───── The input ─────

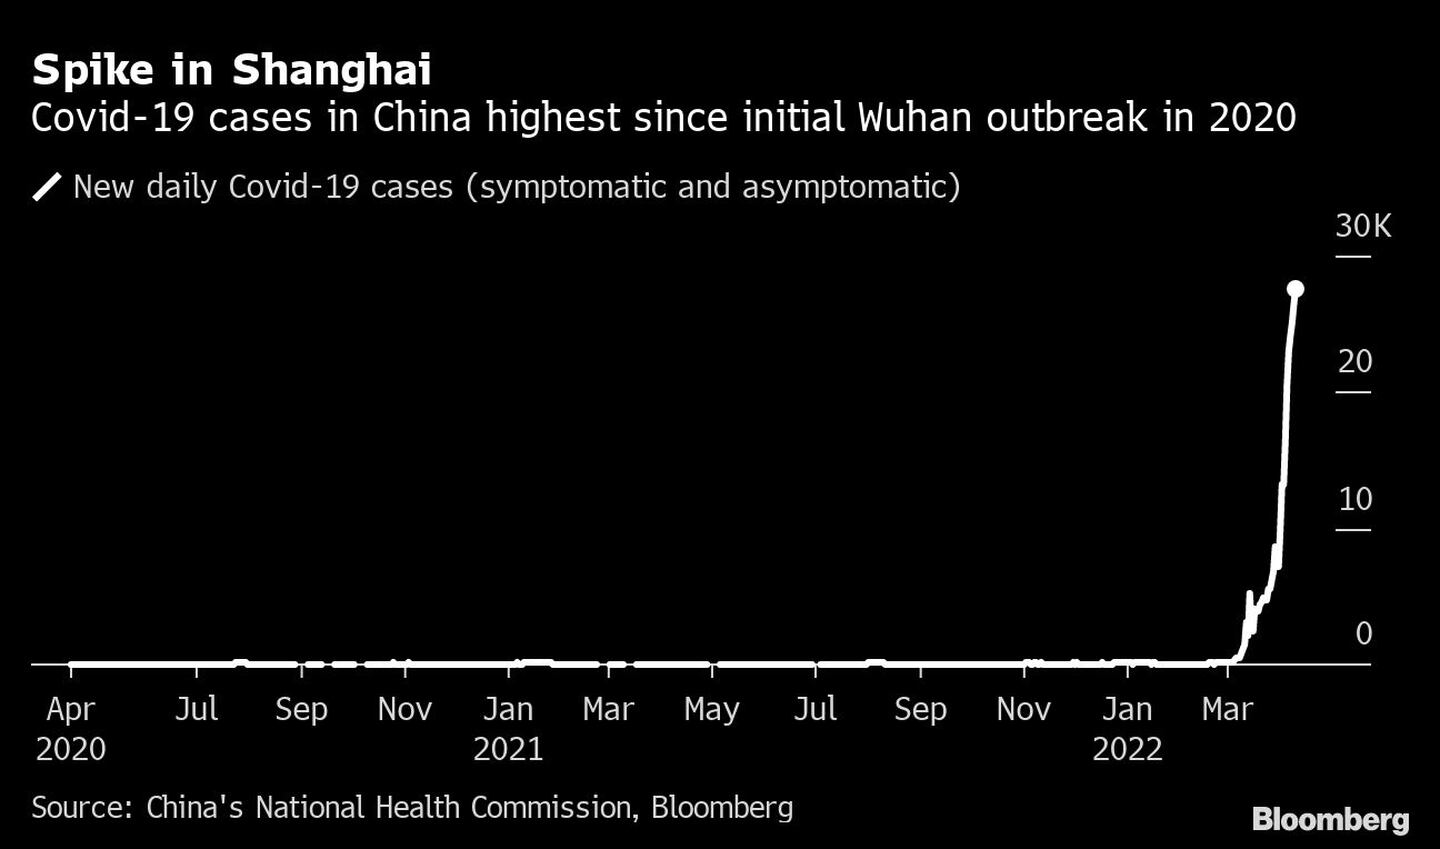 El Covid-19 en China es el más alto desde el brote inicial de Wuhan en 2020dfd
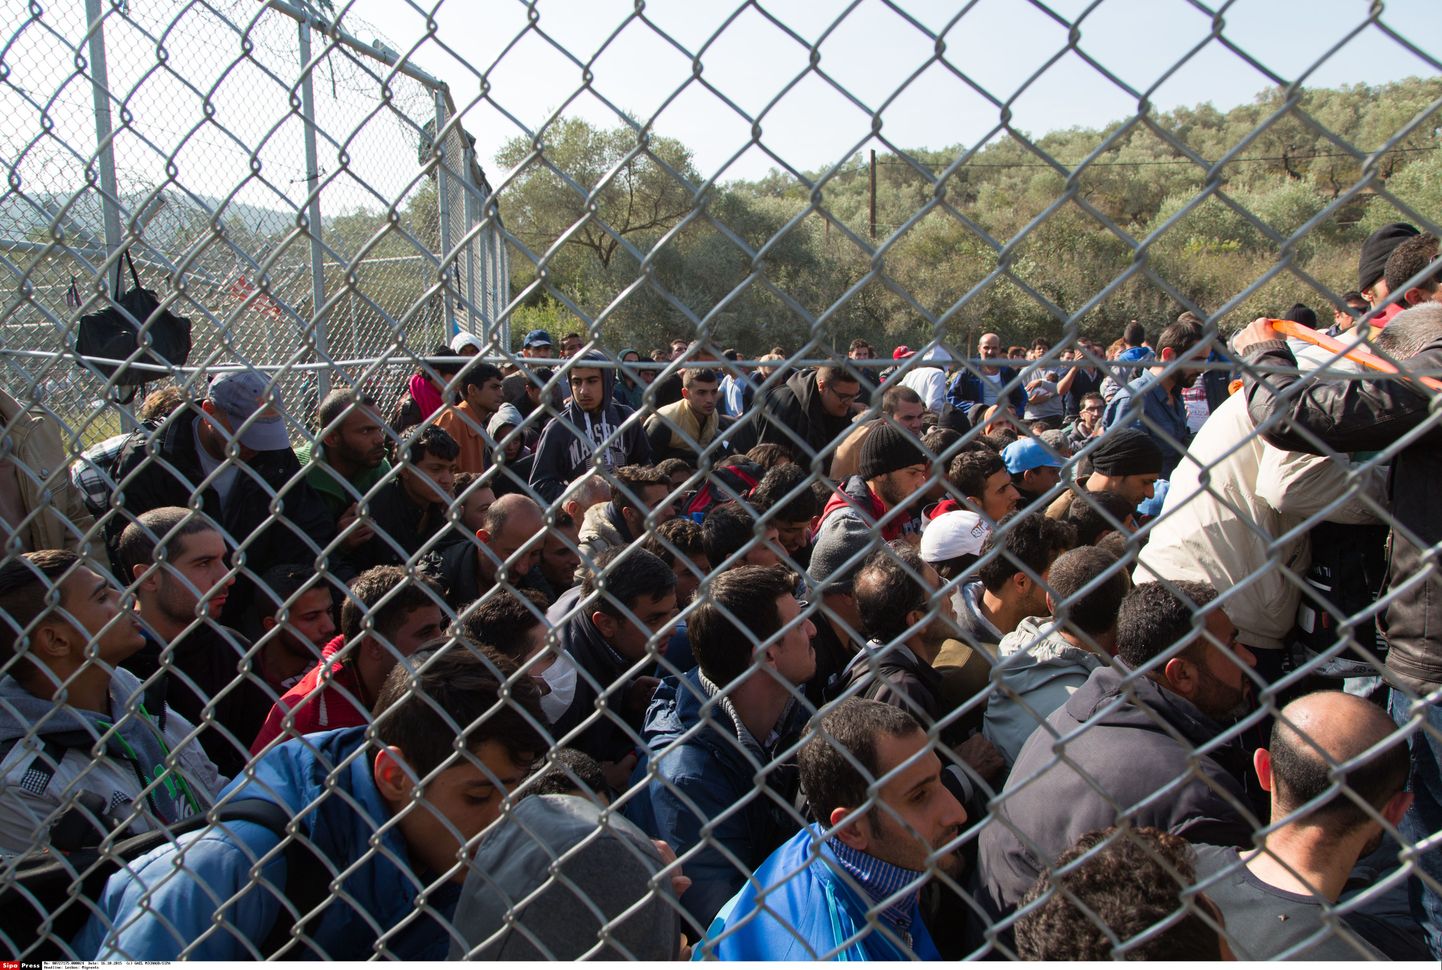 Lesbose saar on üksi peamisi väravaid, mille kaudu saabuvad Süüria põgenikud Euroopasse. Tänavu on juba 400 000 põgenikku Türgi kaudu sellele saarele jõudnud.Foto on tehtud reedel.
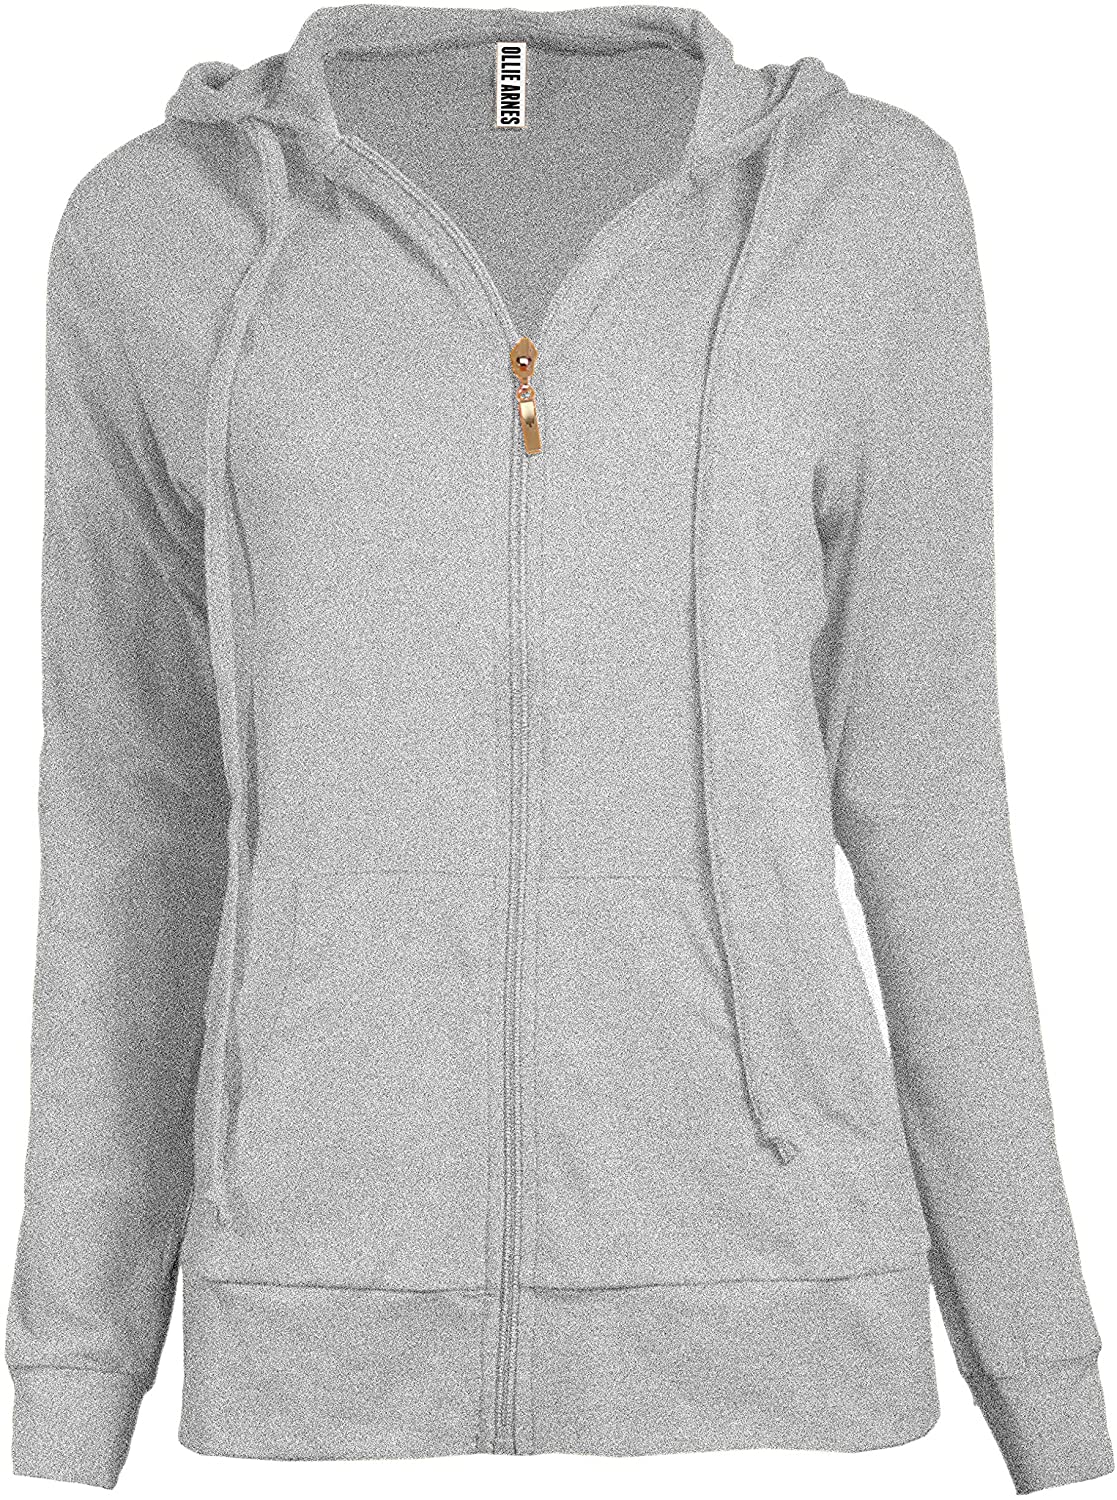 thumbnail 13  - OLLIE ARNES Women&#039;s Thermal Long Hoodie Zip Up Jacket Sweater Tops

─────
───── The input ─────

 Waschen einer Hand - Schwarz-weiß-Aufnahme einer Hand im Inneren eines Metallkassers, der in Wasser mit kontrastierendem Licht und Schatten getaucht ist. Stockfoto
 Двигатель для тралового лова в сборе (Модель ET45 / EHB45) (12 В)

─────

◆ About this task
Though the entries above contain pictures, none should be copied; reproduce only the lines between the one holding "El Covid-19 en" and the one holding "Jacket Sweater Tops", inclusive, exactly as written.

◆ Finished task
 El Covid-19 en China es el más alto desde el brote inicial de Wuhan en 2020dfd
 Lesbose saar on üksi peamisi väravaid, mille kaudu saabuvad Süüria põgenikud Euroopasse. Tänavu on juba 400 000 põgenikku Türgi kaudu sellele saarele jõudnud.Foto on tehtud reedel.
 thumbnail 13  - OLLIE ARNES Women&#039;s Thermal Long Hoodie Zip Up Jacket Sweater Tops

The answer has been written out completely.